### DATA SUPPLIED
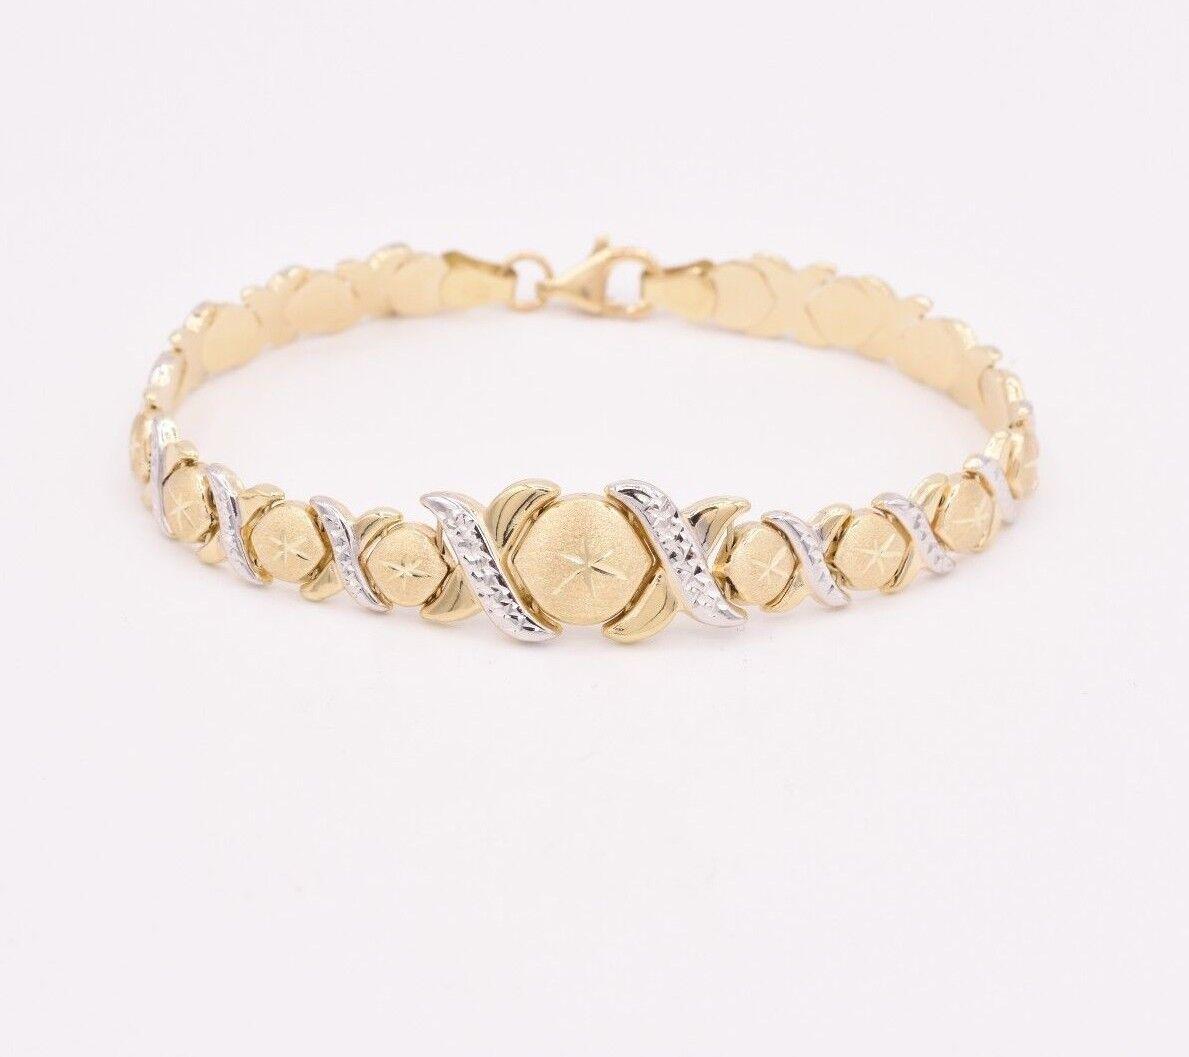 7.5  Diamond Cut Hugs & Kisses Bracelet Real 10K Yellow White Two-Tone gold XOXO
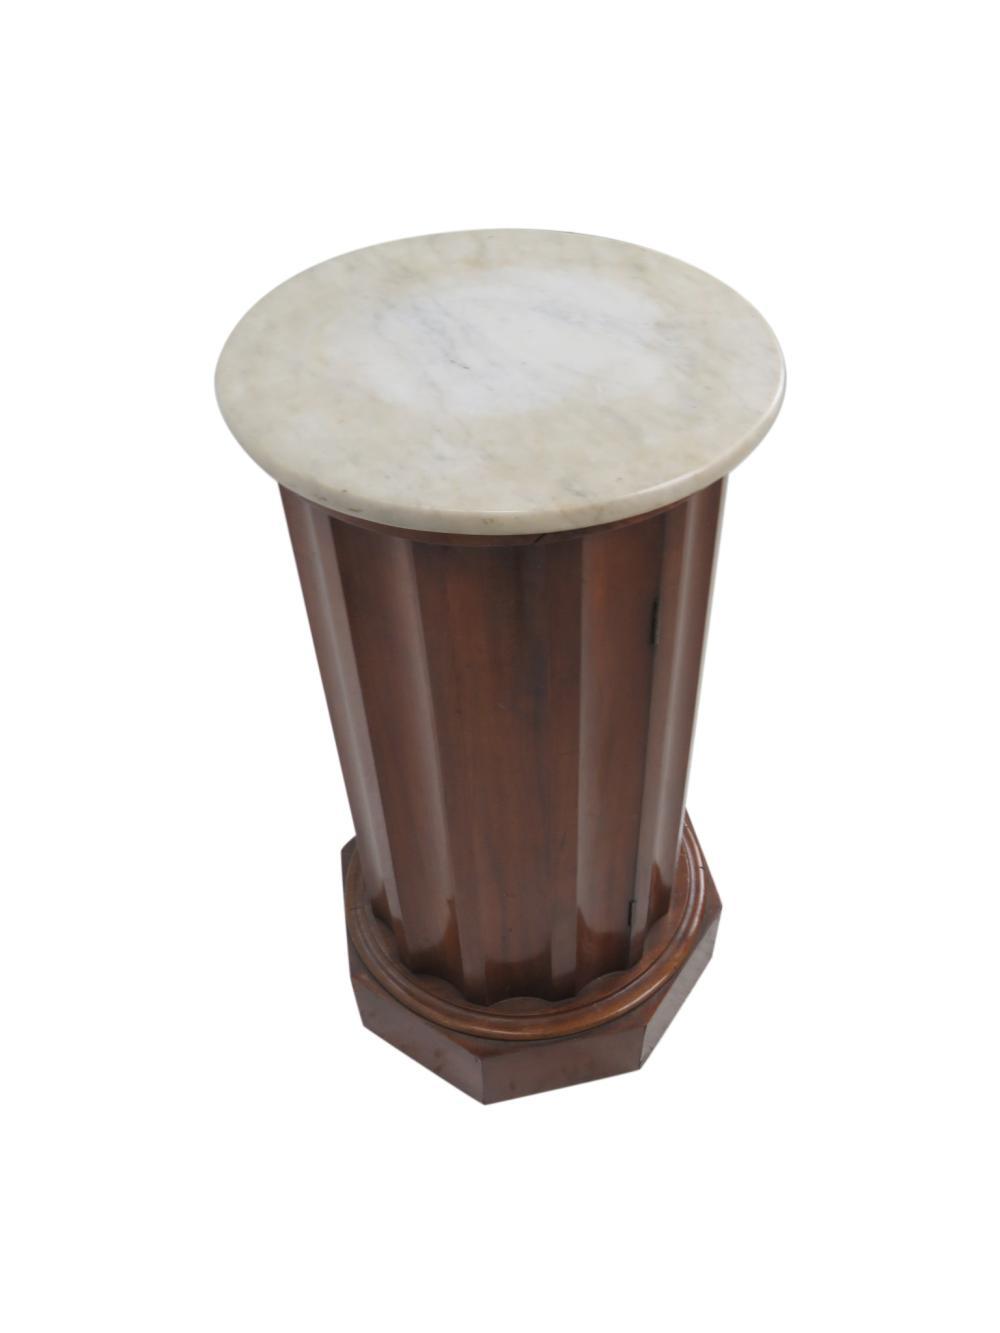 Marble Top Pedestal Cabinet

---

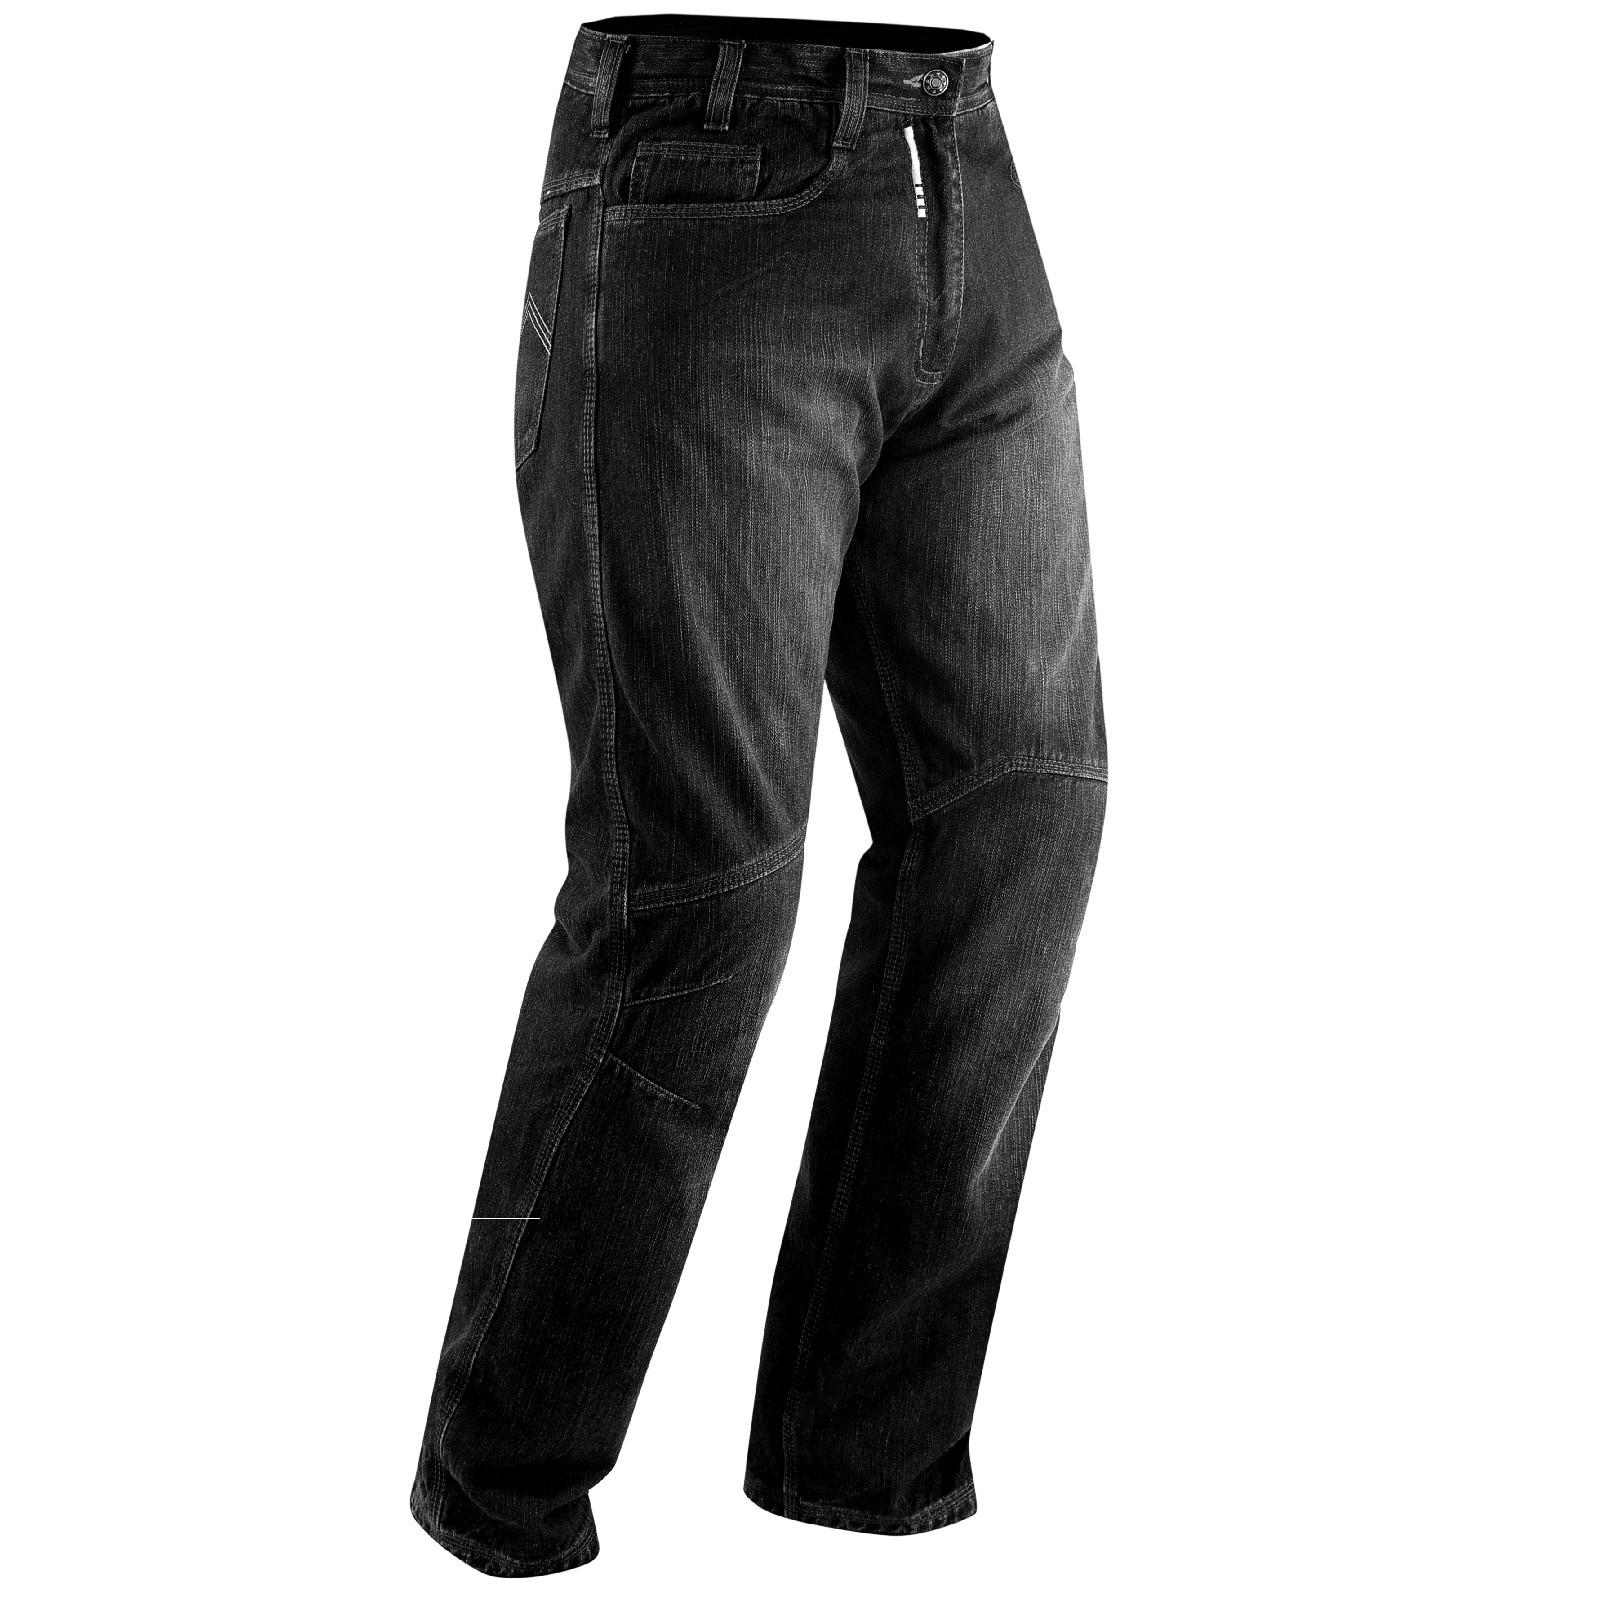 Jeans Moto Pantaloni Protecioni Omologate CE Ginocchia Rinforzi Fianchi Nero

### ACTION ITEM
What should come back is an exact copy of the lines above from the line with "Two-Tone gold XOXO" to the line with "Marble Top Pedestal Cabinet", both included, minus the pictures.

### THE COMPLETED TASK
 7.5  Diamond Cut Hugs & Kisses Bracelet Real 10K Yellow White Two-Tone gold XOXO
 Marble Top Pedestal Cabinet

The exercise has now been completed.